COLLECTED MATERIAL Block Start
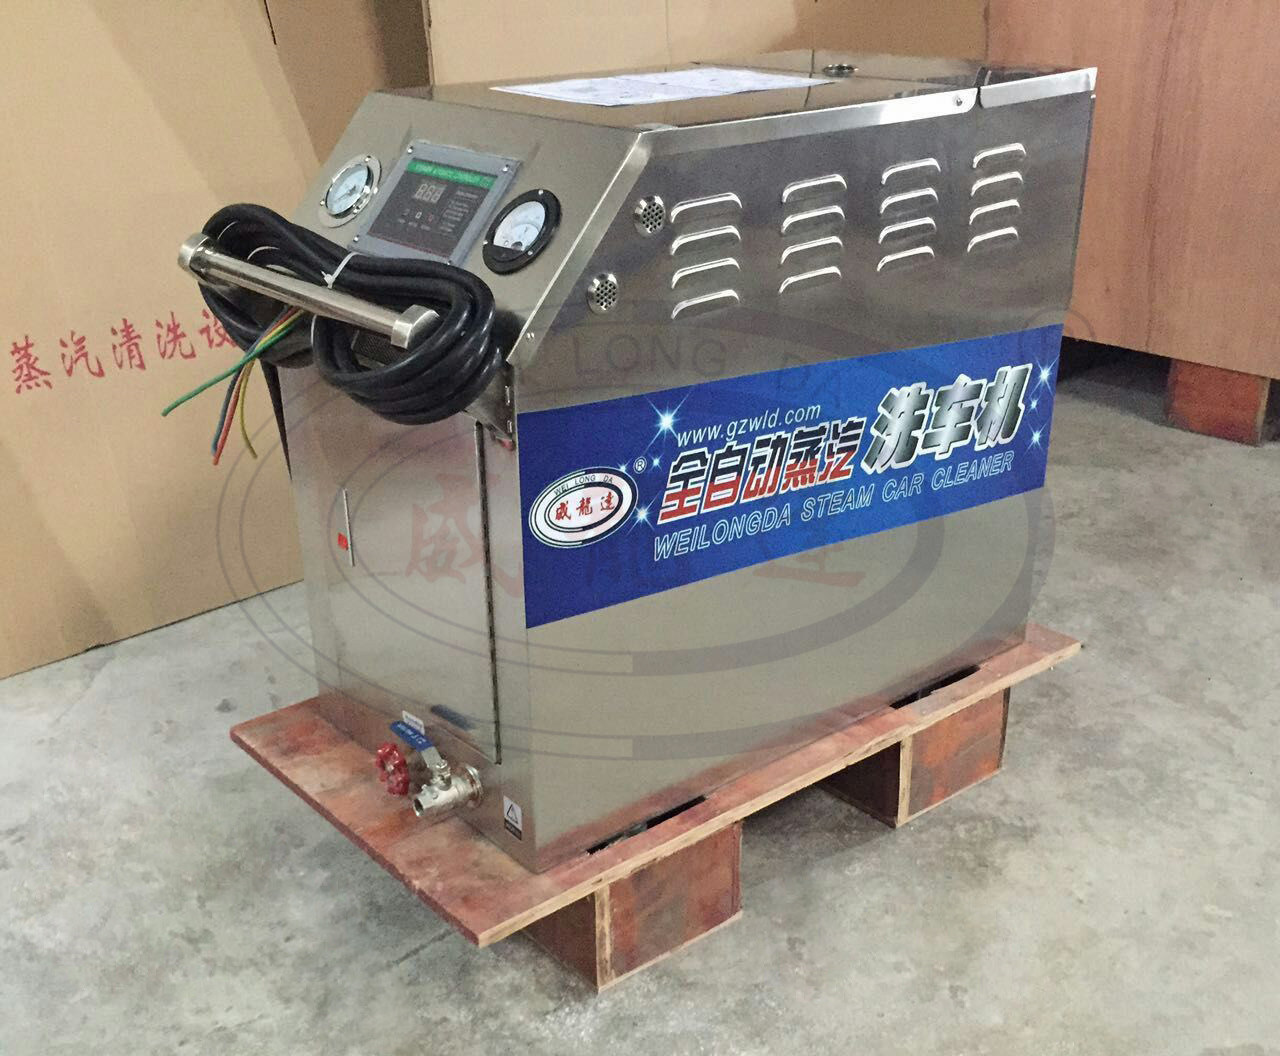 Wld2060 Portable Electric Steam Car Washing Machine/Car Washer
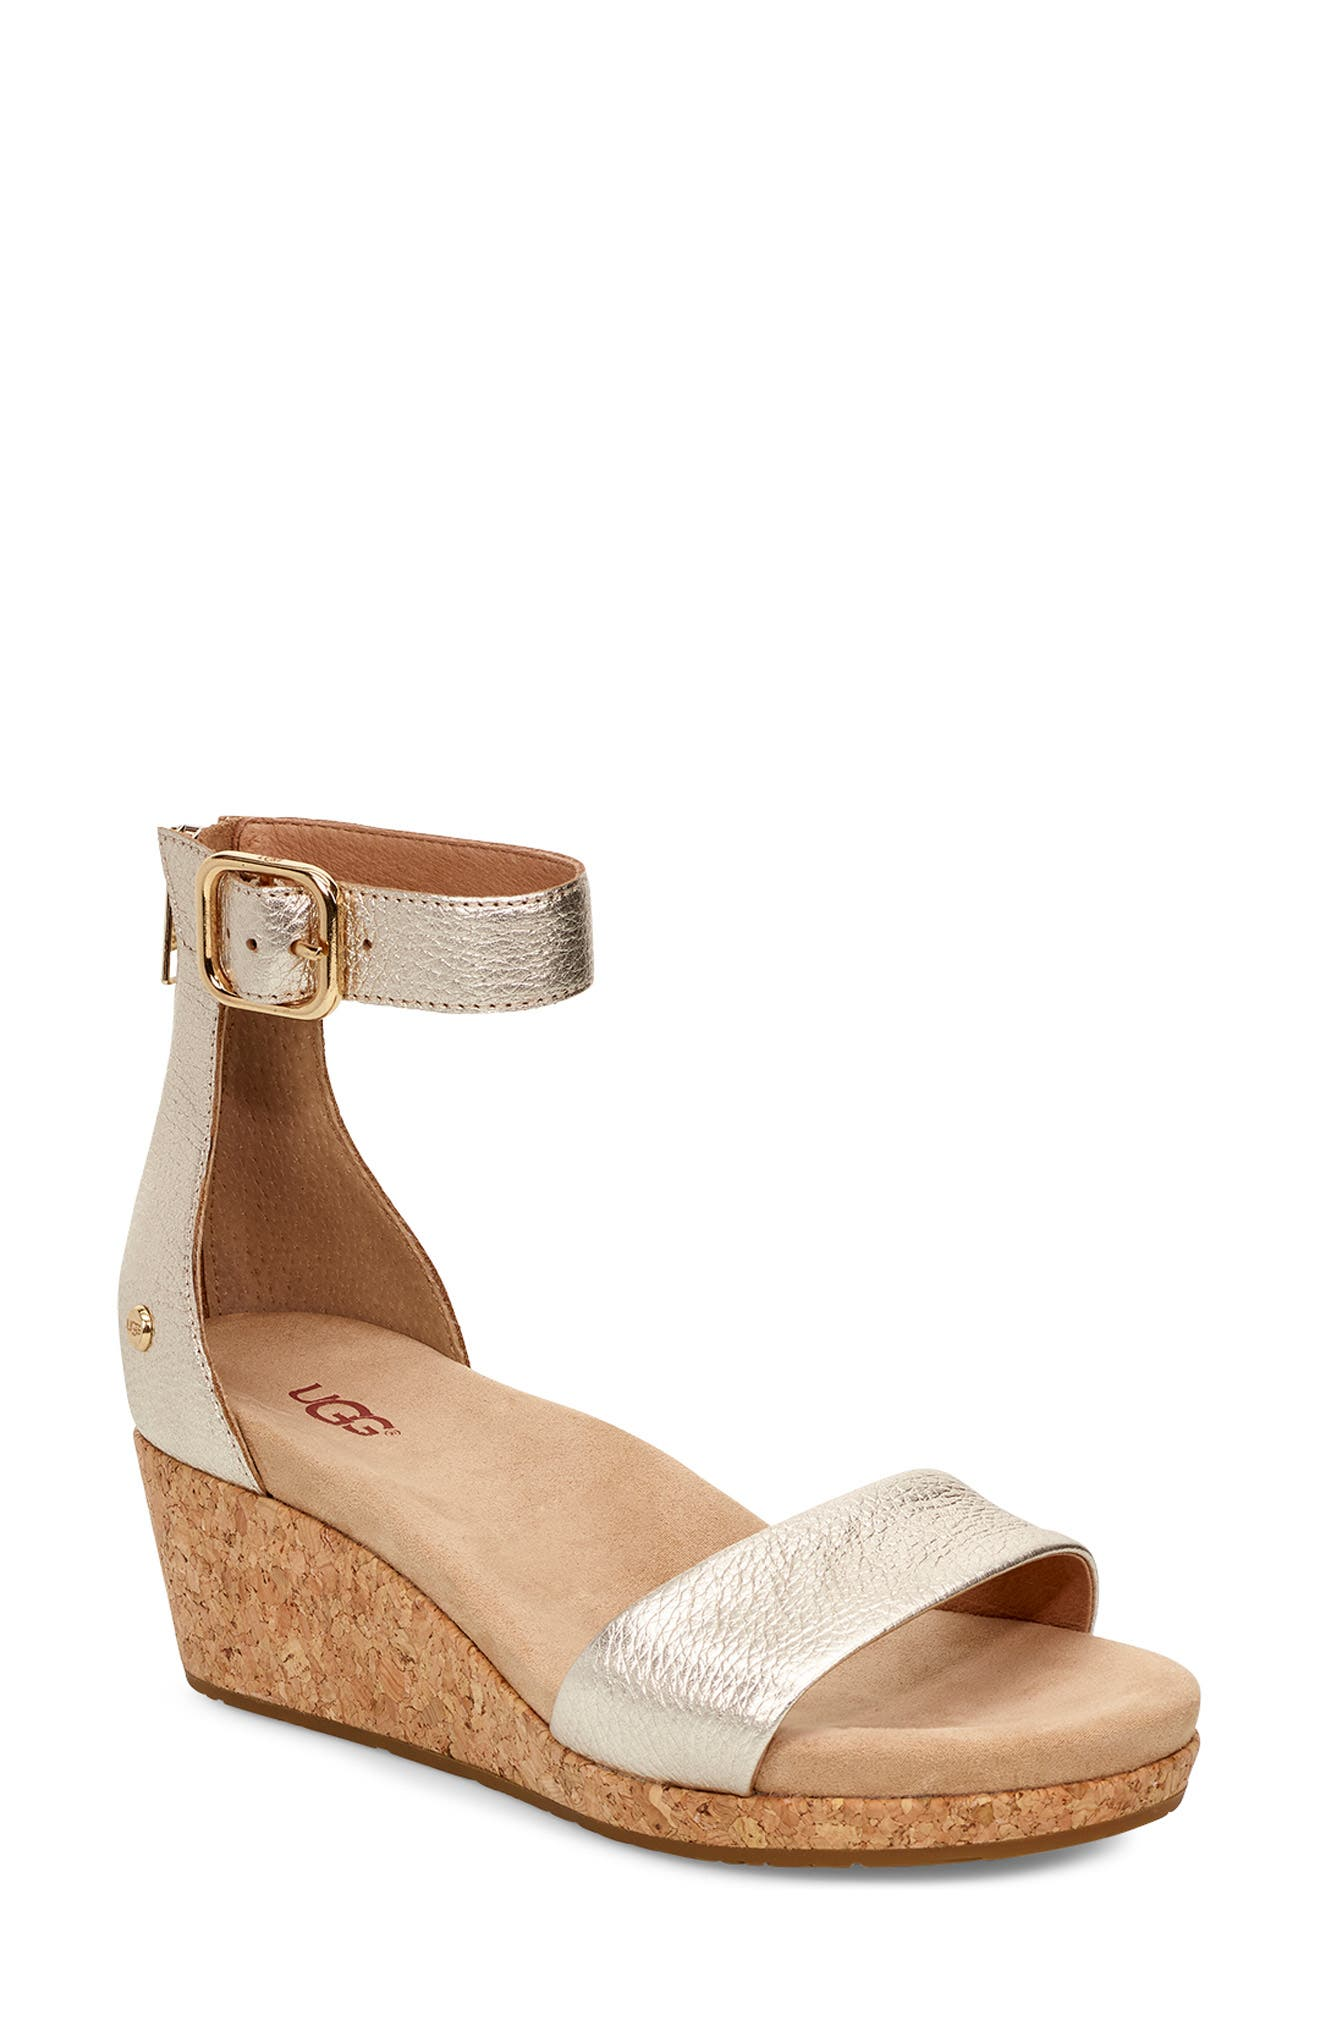 UGG<SUP>®</SUP> Zoe II Metallic Wedge Sandal, Main, color, GOLD LEATHER
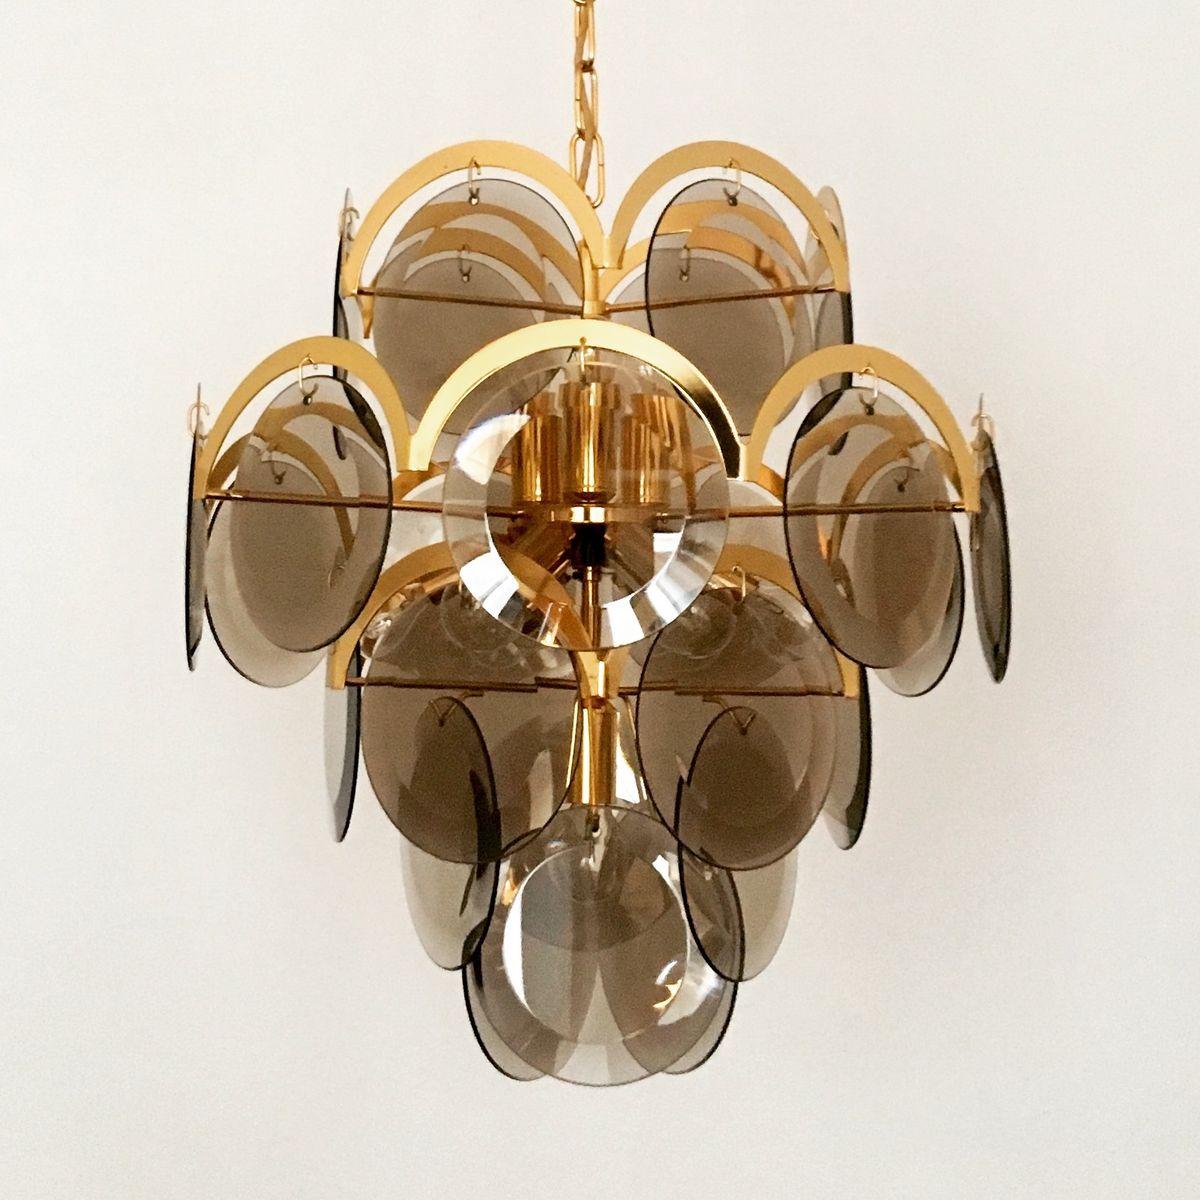 gro e vergoldete lampe von vistosi 1960er bei pamono kaufen. Black Bedroom Furniture Sets. Home Design Ideas
COLLECTED MATERIAL Block End
Give back the listing exactly, without a single picture.

PROBLEM SOLUTION |
 Wld2060 Portable Electric Steam Car Washing Machine/Car Washer
 UGG<SUP>®</SUP> Zoe II Metallic Wedge Sandal, Main, color, GOLD LEATHER
 gro e vergoldete lampe von vistosi 1960er bei pamono kaufen. Black Bedroom Furniture Sets. Home Design Ideas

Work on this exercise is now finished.